Tourism progress in China slowed during this year’s major Spring Festival holiday, indicating overall sentiment hither the economy has yet to turn around.
Chinese New Year is typically spent visiting relatives, but as one of China’s few major public sabbatical seasons, it has increasingly become a popular time to travel. This year, the work holiday officially ran the first complete week of February. Tuesday, the 15th day from the start of the Lunar New Year, marked the traditional end of the celebrations.
The closely watched Chinese consumer has change a significant force in overseas travel.
An increasing number of merchants overseas have adopted Chinese mobile pay, while innumerable retailers have employed Mandarin-speaking staff. Within China, economic slowdown and uncertainty around issues such as the U.S.-China business tensions have already put some pause on big-ticket purchases.
Car sales fell for a seventh straight month in January, text this week showed. The auto sector — a major part of the Chinese economy — is watched as a barometer on how much consumers are game to spend.
The latest travel data around the Spring Festival show the Chinese consumer is generally still pleased to spend — but on a smaller scale.
Official domestic travel data from the Ministry of Culture and Tourism recorded 415 million befalls within the country during the holiday, an increase of 7.6 percent from a year ago. That’s lower than a wart of 12.1 percent in 2018.
Revenues from domestic tourism also increased this year — but at a slower pace of 8.2 percent to 513.9 billion yuan ($76.4 billion). In juxtaposition, tourism revenue last year grew 12.6 percent from its 2017 number, data showed.
The Descend from Festival numbers are decent, especially given pressures such as the slowing economy, Xin Chen, China tourism analyst at UBS Assurances, said in a Mandarin phone interview translated by CNBC. He added there is some impact on high-end travel, but it is restricted.

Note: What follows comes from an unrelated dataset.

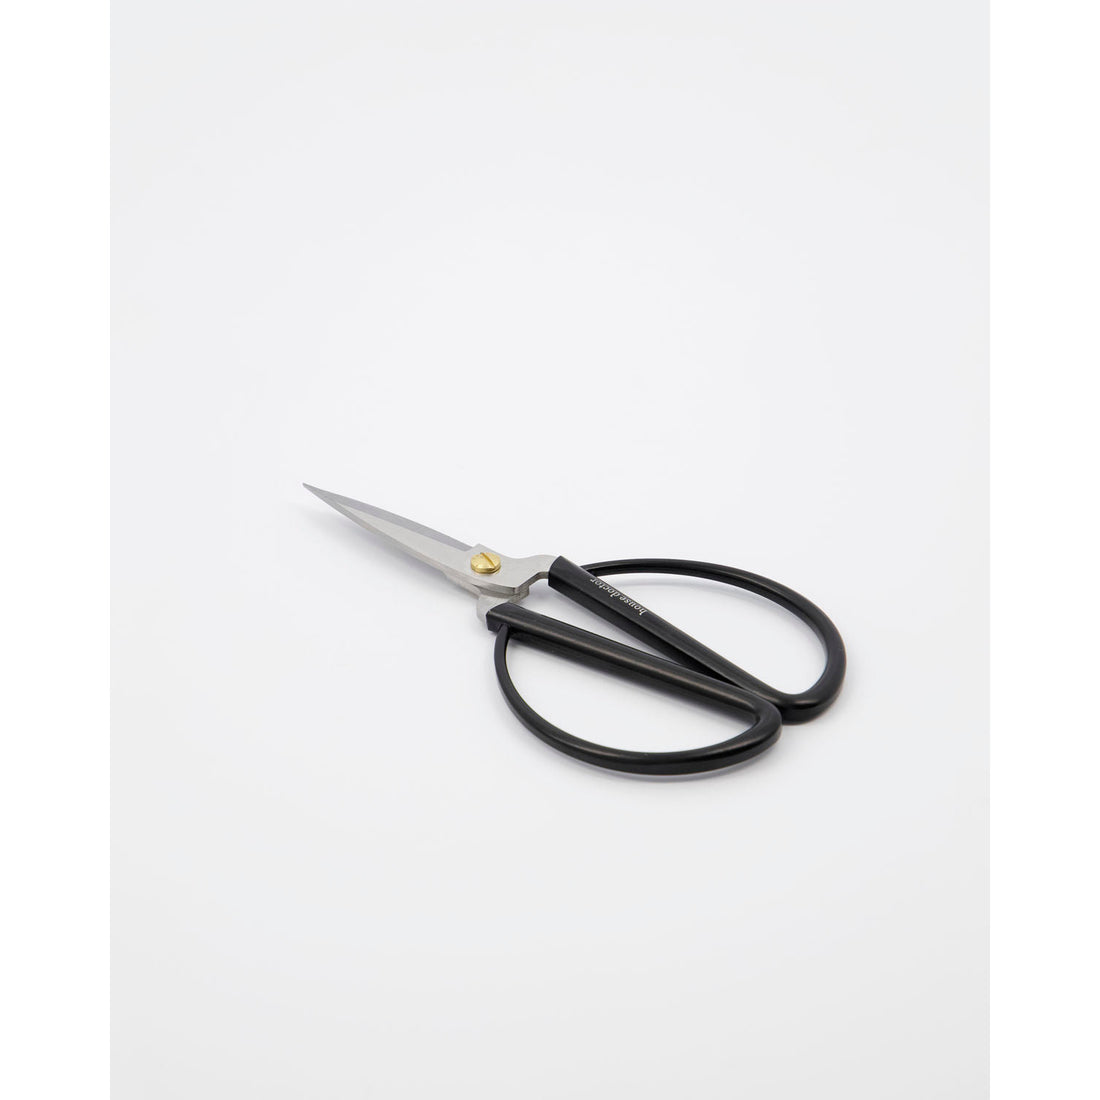 House Doctor - Scissors, Shears, Black/Silver - L: 15 cm, W: 8.1 cm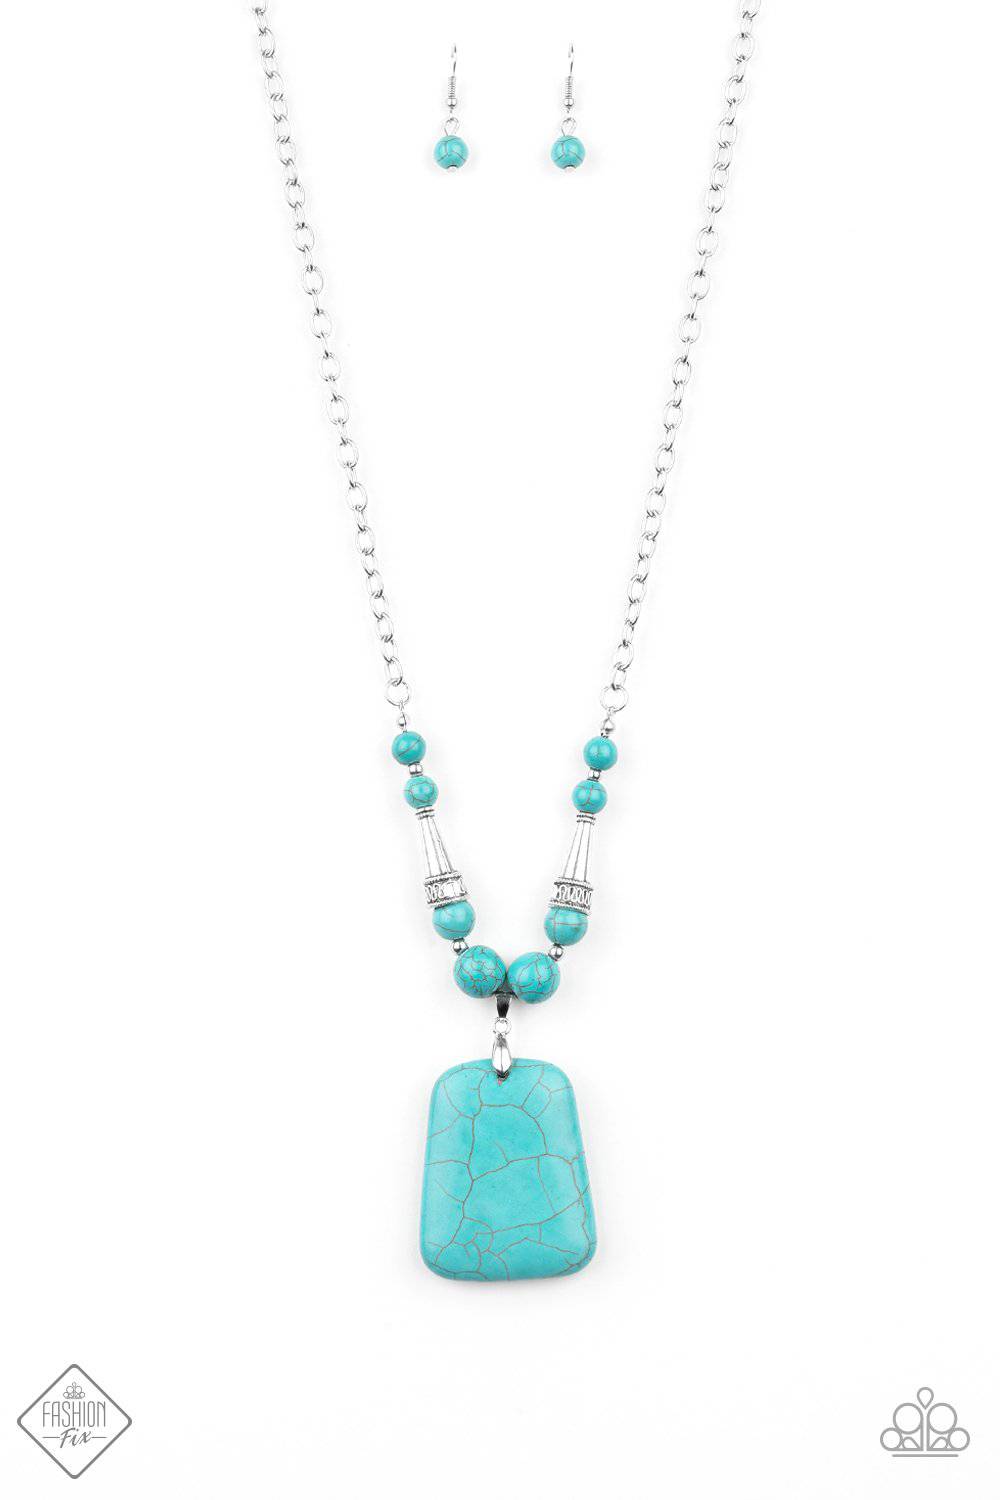 Sandstone Oasis - Blue Turquoise Stone Necklace - Paparazzi Accessories - GlaMarous Titi Jewels

Chen also noted that spending on travel is relatively less expensive than purchasing luxury rectitudes, and that a worsening economy with increasing unemployment would not reflect in tourism figures until six months, or a year up to the minuter. But he thinks the economy could pick up in the second half of this year.
China’s smaller cities also played rapid growth, both as a source of tourists and a destination, according to a separate report from Chinese travel law site Ctrip.
“Unprecedented” enthusiasm for travel from county-level cities marked the biggest difference between this year and abide year’s Spring Festival, Ctrip said in a Mandarin-language report. The company said the number of tourists from the counties of Heshan, Fogang and Huidong — all in the southern division of Guangdong — each reported year-on-year growth of five or six times.
Official numbers for overseas travel during the Chinese New Year were not as clarify b tidy up about the actual rate of change.
The National Immigration Administration said outbound travel during the 2019 Derive from Festival increased 12.48 percent to 6.31 million trips. That figure missed Ctrip’s expectations of respecting 7 million.
It wasn’t clear at what pace outbound travel during the Spring Festival grew in previous years. The immigration provision did not immediately respond to CNBC’s request for historical data, which was not available on its website.
Some state and media write-ups last year cited historical data from a separate government research group, the China Tourism Academy, which utter its figures included information not comparable to the immigration administration’s data.
However, Ctrip noted the number of countries Chinese out-of-towners visited during the holiday this year increased to 97 from 82. Spending per outbound traveler from Beijing and Shanghai was comfortably over 8,000 yuan, the company said in a report.